Copy out the data that comes next, character for character, and leave the images aside.

**Data records**.
-- -- --

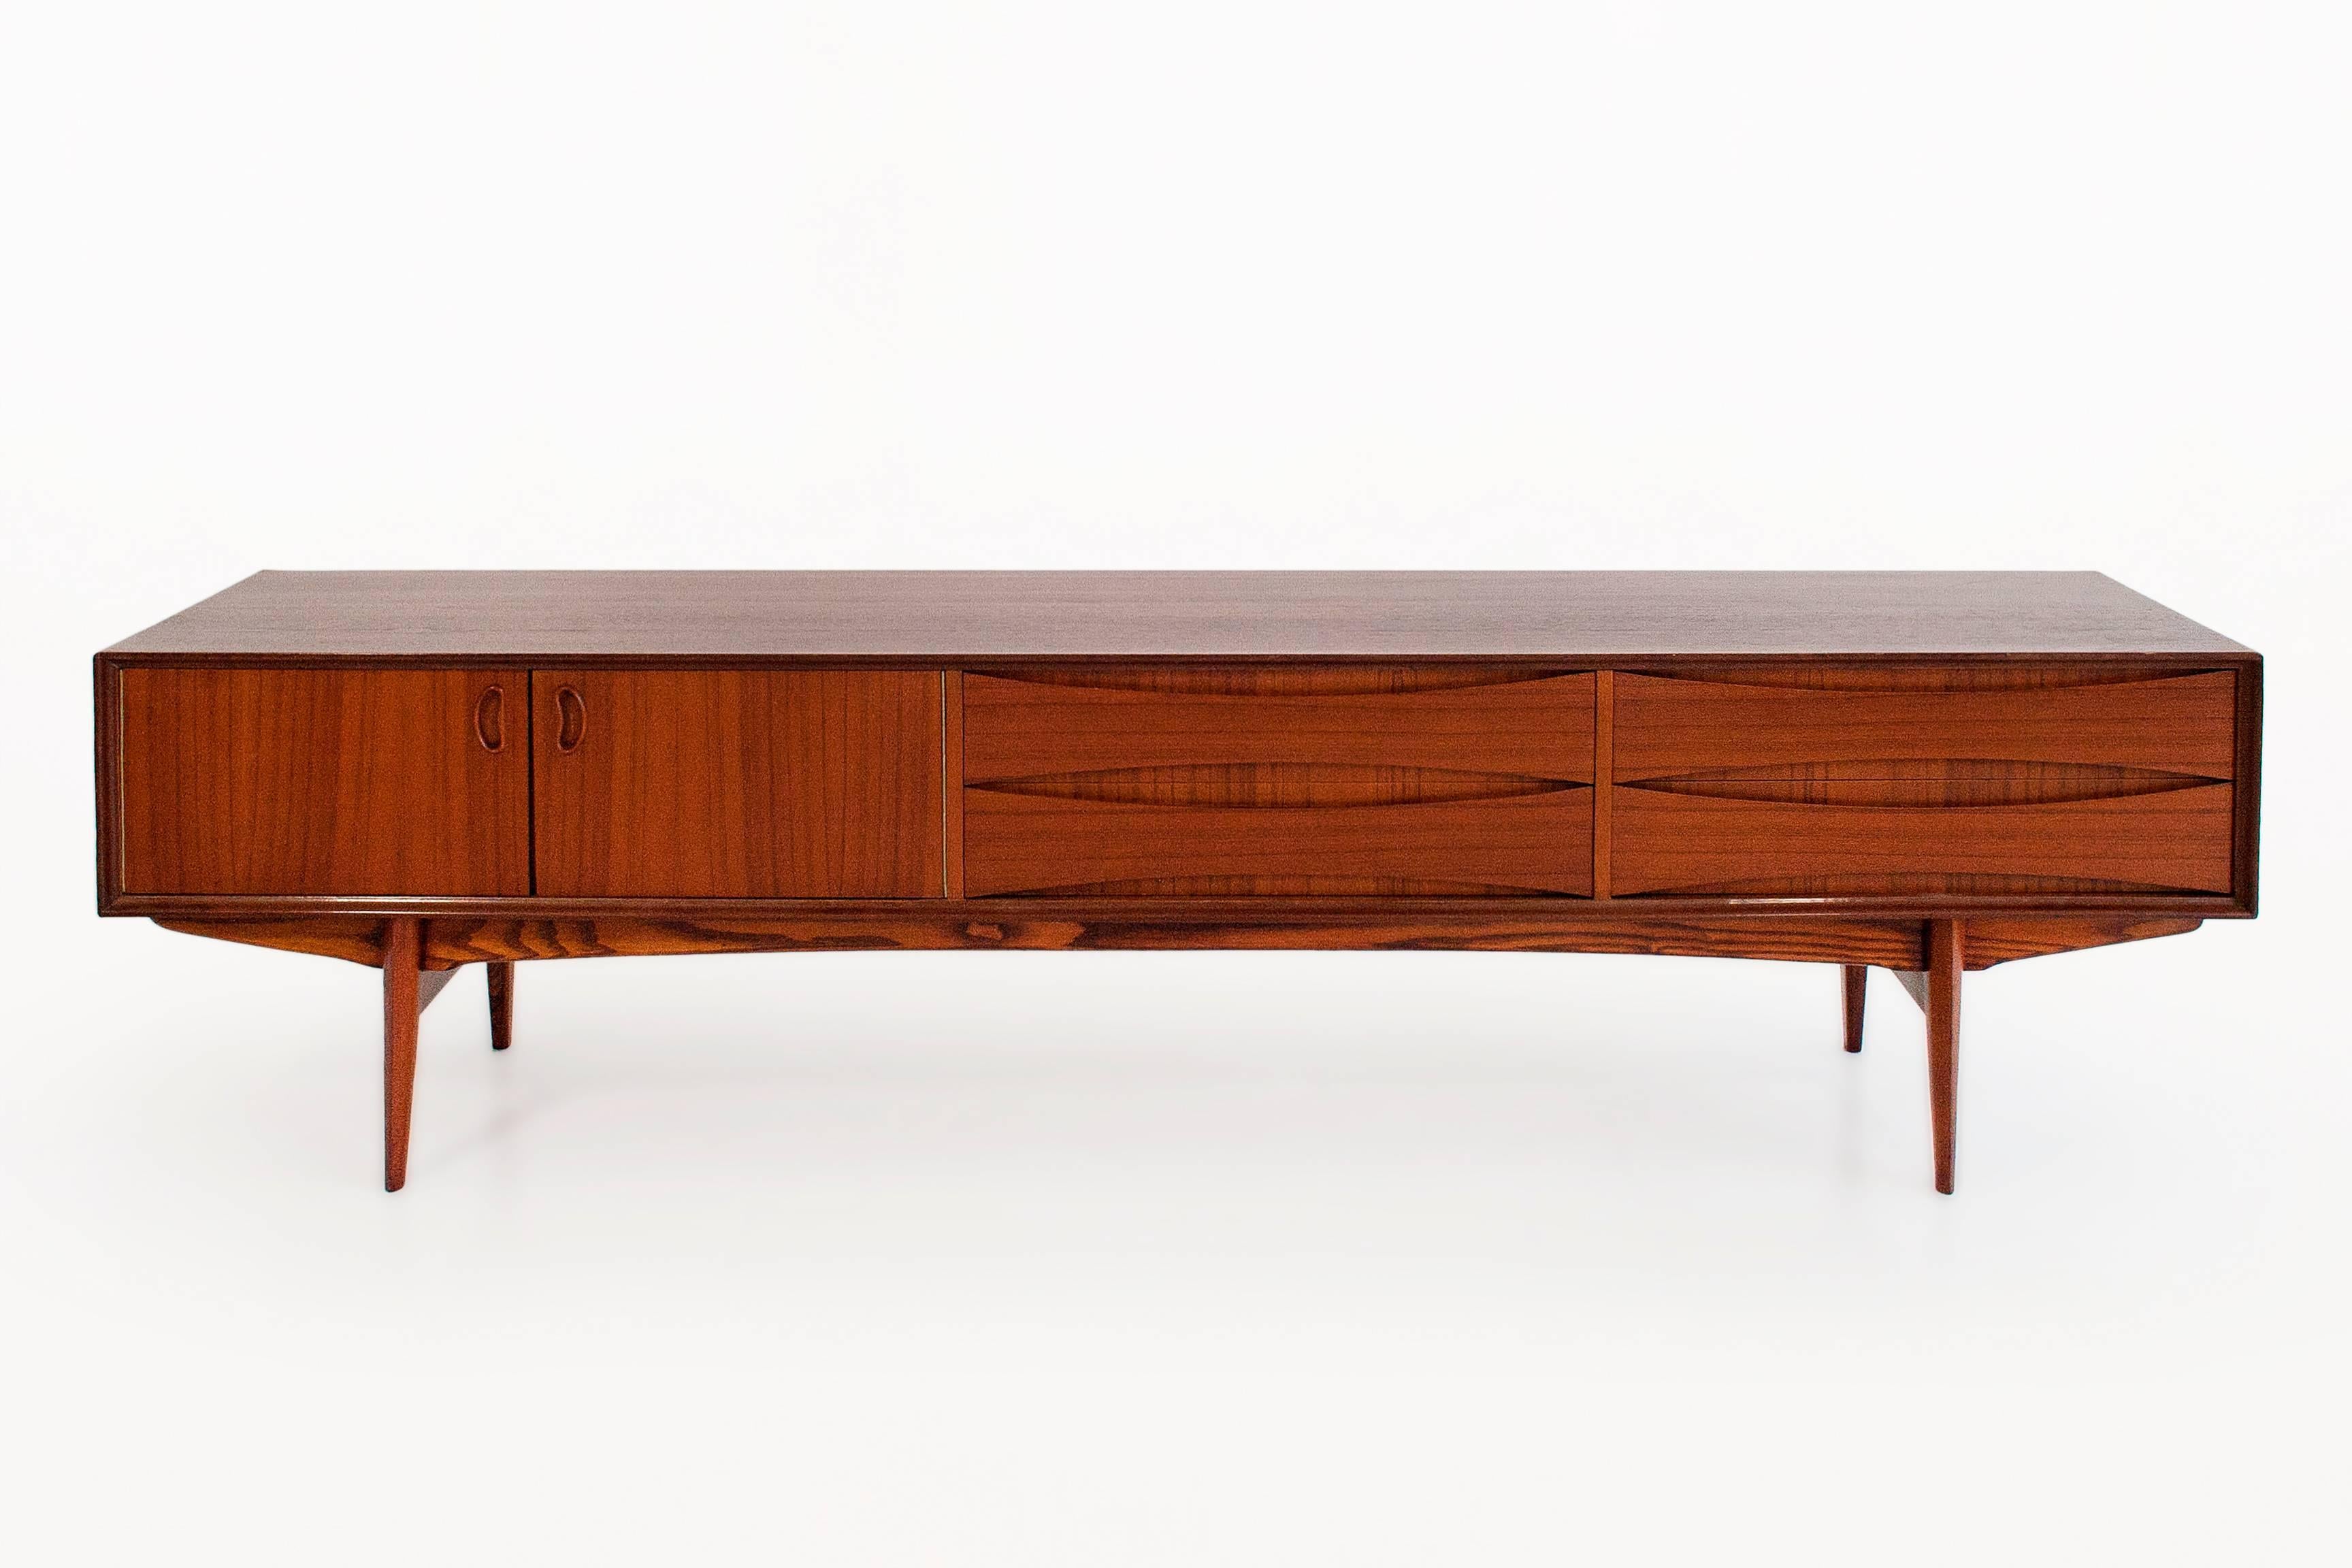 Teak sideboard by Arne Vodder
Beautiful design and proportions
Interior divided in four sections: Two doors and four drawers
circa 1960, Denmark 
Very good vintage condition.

-- -- --

**RESULT FOR THIS TASK**.
 Teak sideboard by Arne Vodder
Beautiful design and proportions
Interior divided in four sections: Two doors and four drawers
circa 1960, Denmark 
Very good vintage condition.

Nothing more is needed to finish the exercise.